Extracting Data from PDF Invoices
How our machine learning model improves the user experience and reduces manual effort to a minimum.
At Advanon, we process large numbers of invoices every day. Automatically extracting relevant information from invoices in arbitrary formats is a challenging problem at which classical rule-based approaches often fail. In this article we explain how we developed a state-of-the-art machine learning model for this task that in many cases outperforms existing solutions on the market and will help improve the user experience. We are currently testing the model on a mobile app prototype that aims to make uploading invoices to our platform even more convenient.
Companies upload invoices on our platform to receive early payments and optimize their liquidity. They submit invoices either as scanned or digitally generated PDFs, as shown in Image 1.
To finance an invoice, a company needs to provide the following data from the invoice document:
- Invoice amount
- Issue date
- Due date
- Invoice number
- Customer name
Even though the UI for entering this data has been largely optimized, a user takes between 15 and 30 seconds on average to complete this step. Spending that time is not an issue for companies that only finance a few invoices every month. However, to finance hundreds of smaller invoices at once, even a very skilled user would need an hour or longer to fill in all the data. Thus, so far users had to resort to different ways of entering the data for such large amounts of invoices, for example to CSV files that contain all the necessary data. While this is an improvement over entering the information individually for each invoice, the process is still tedious and inherently prone to errors, especially for users that do not have a suitable accounting software that allows them to export the required data in a convenient way.
Creating our own PDF data extractor
To overcome these problems and enable invoice financing for companies with a large number of invoices, we set out to find a solution that automatically detects the required information on invoice documents, so that users simply upload their invoices in PDF format and wait just a few seconds until the data of all invoices has been extracted. To start with, we compared available solutions on the market to automatically read out the relevant fields. While several products perform well on certain data points, we were surprised not to find any reliable solutions that perform well on all fields we are interested in, while at the same time processing the information in a reasonable amount of time, ideally within a few seconds. Therefore, we decided to develop our own tool, capable of accurately extracting relevant data from invoices.
Training the machine learning model
It was clear from from the start that a possible increase in performance compared to existing solutions on the market would have to come from the quality of the machine learning approach, and not from the number of invoices available to train the model, since specialized providers likely have order of magnitudes more training data available.
We started by thinking how a typical user would approach the problem.
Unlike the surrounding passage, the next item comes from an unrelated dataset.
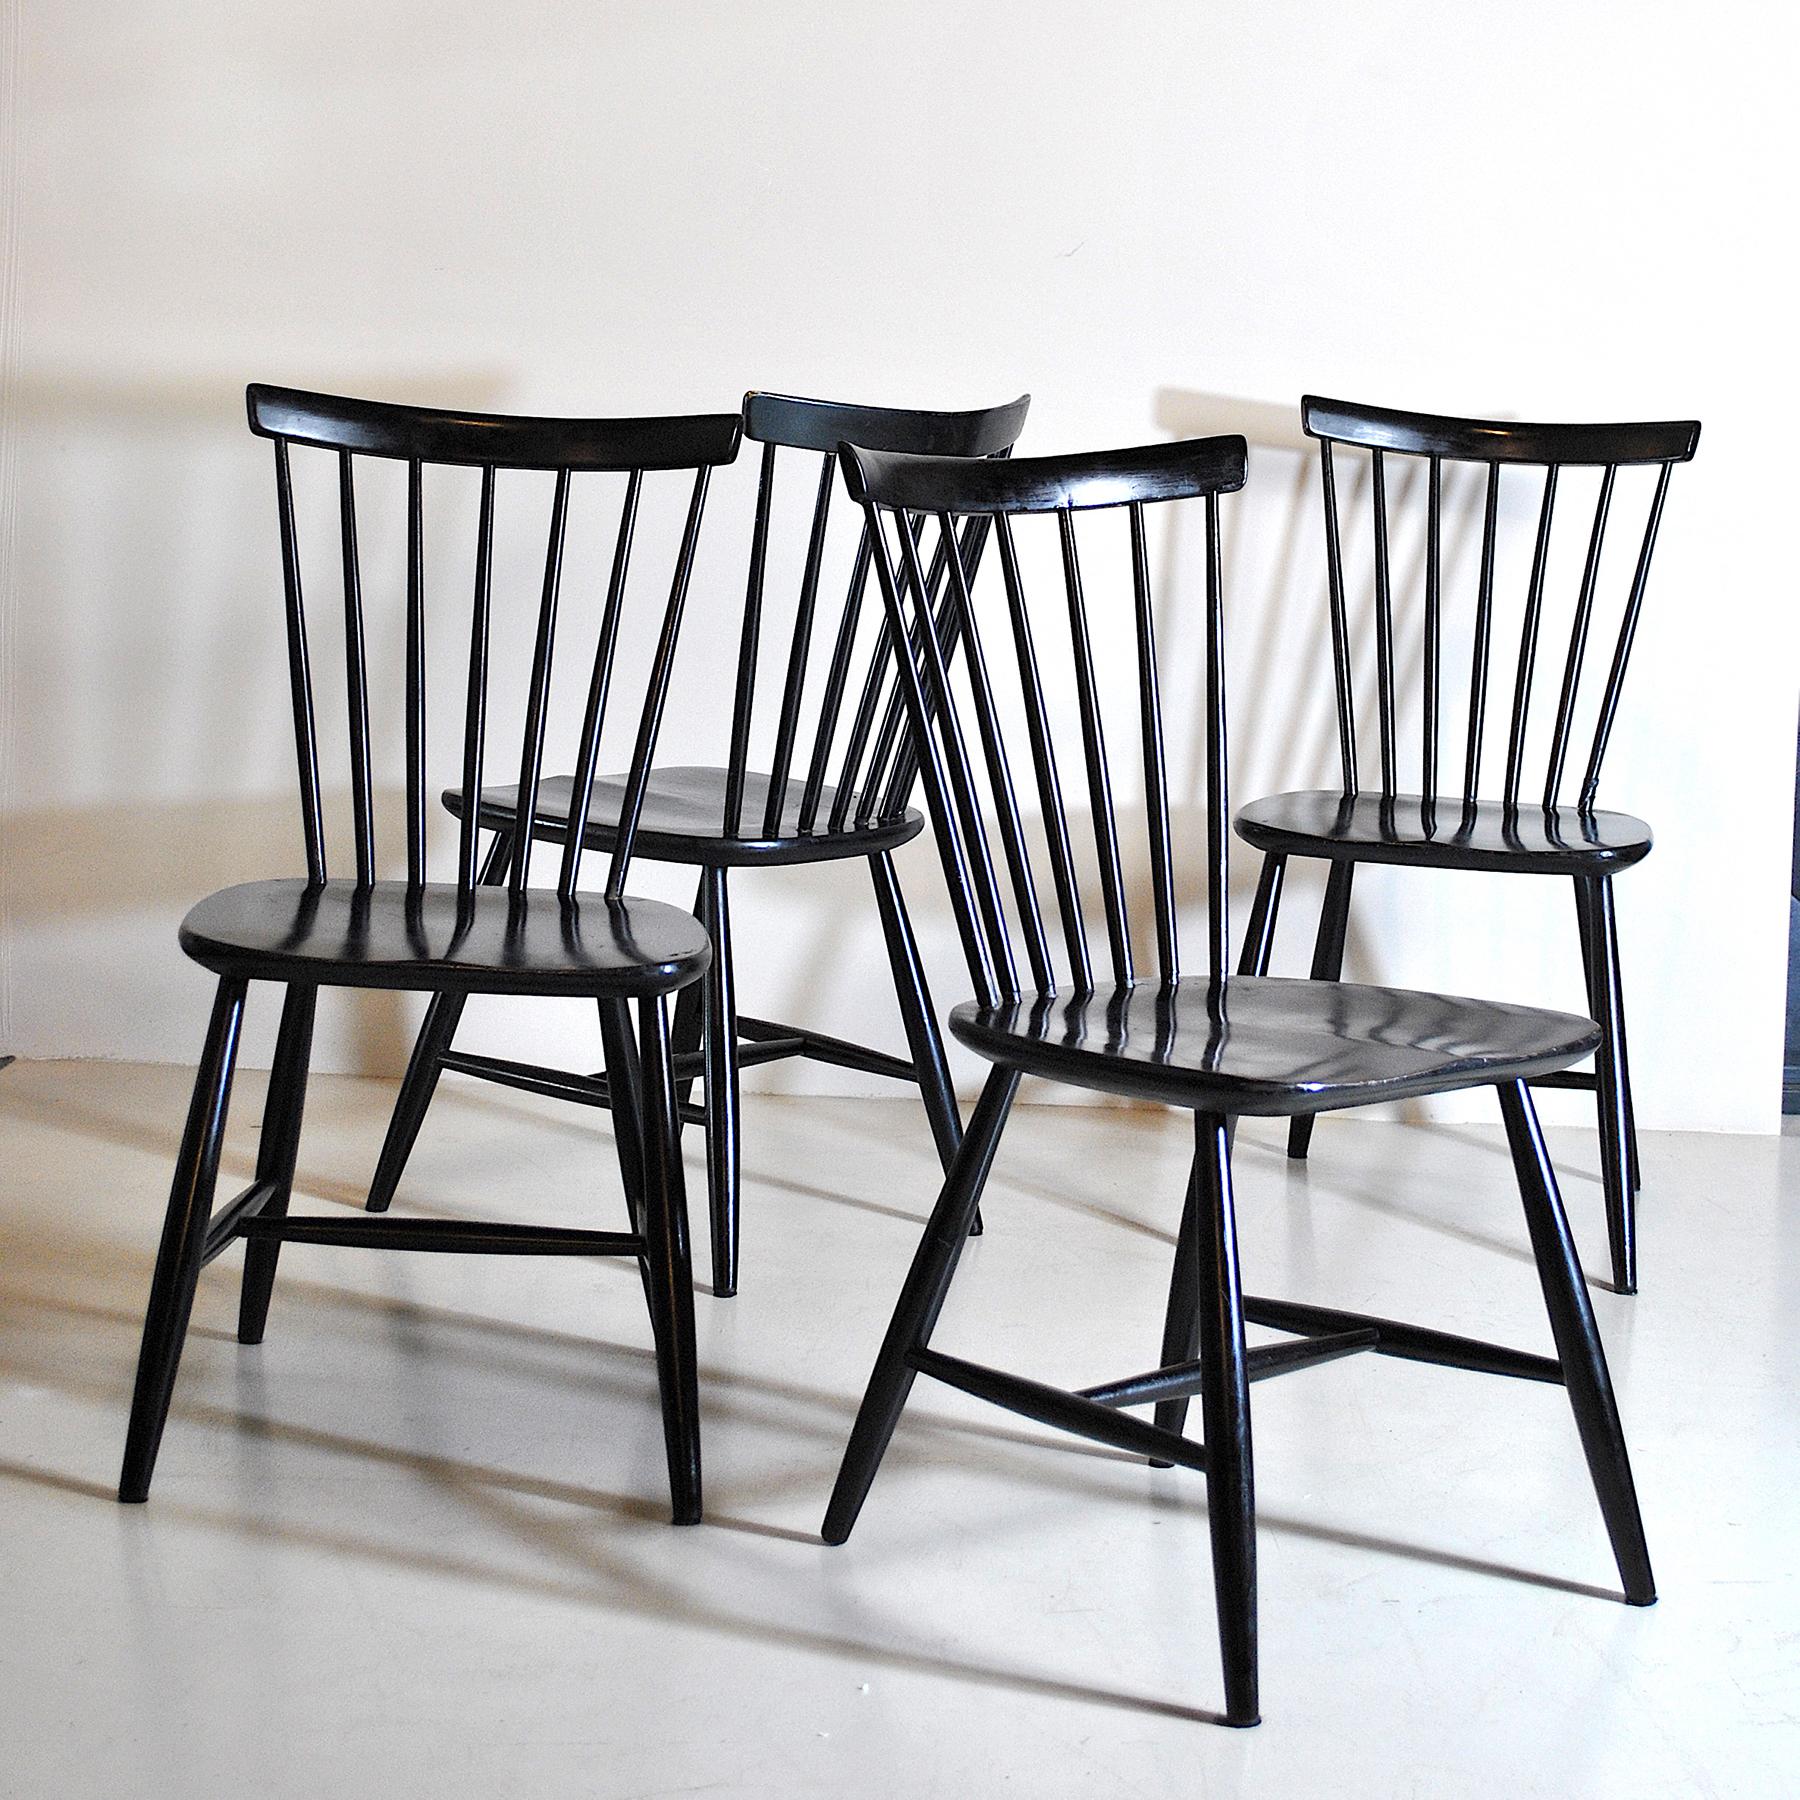 Mid-20th Century Haga Fors Chairs Scandinavian Style For Sale

Table 1 sketches the mental model a typical user might have of the five data points.
To obtain a training set for our machine learning model, we hand-crafted similar features for each text token on each invoice. For training the model, we assigned a label to each token in the dataset, indicating the type of information the token corresponds to, if any. Table 2 contains the most important features we considered.
While neural networks and deep learning are typically prime candidates for learning complex non-linear dependencies as we find them in this problem, the amount of data we had available was too small to train a large scale neural network. Instead, we experimented mainly with random forest models, SVMs and gradient boosting. Ultimately, we achieved the best trade-off between performance, memory requirements and speed of training using a random forest model. For the final model we considered a training set of around 1,000 invoices in German and English from around 300 different companies. Training and optimizing the model takes less than 30 minutes in our learning environment.
To get a first indication of the performance of our algorithm we used cross-validation, making sure to train the model on invoices of one set of companies and testing on invoices of another set of companies. This way, the algorithm is tested only on invoice formats it has not seen before. While this way of measuring performance is more restrictive than Advanon’s actual use-case, it serves as a good lower-bound performance indicator.
Overall we achieved very encouraging results, in many cases outperforming existing solutions on the market on either speed of extraction or accuracy. With our model, extraction works in real-time (less than 5 seconds for an average invoice), including network transfer and inferral. The accuracy of the prediction for the most important data points on an invoice is listed in Table 3 (true positives, false positives). The difference to 100% arises because the model only provides a prediction in case the confidence for having found the correct token is above a certain threshold.
Out of the three data points, due date is by far the most difficult to achieve a very high performance on, since often it is specified in relation to the issue date, e.g., as in “Payable within 30 days after delivery”. Thus, in many cases the due date can only be classified correctly if the issue date is also correct.
Invoices the algorithm fails on are typically edge cases, that even for most users would require a bit of analysis to interpret correctly. We are actively working on improving our model and training set to further reduce such misclassifications.
Invoice scanning app for convenient uploading
As a proof of concept, we also decided to create a mobile app that allows users to directly upload an invoice to the Advanon platform by simply scanning it. The following video shows the process of scanning and uploading an invoice.
The app will be particularly convenient for users who prefer to upload invoices directly from their mobile devices, thereby reducing the effort from a couple of minutes to less than 30 seconds.
¹The model has since been refined and re-trained on a larger dataset. The FPR is now closer to 1% in all categories.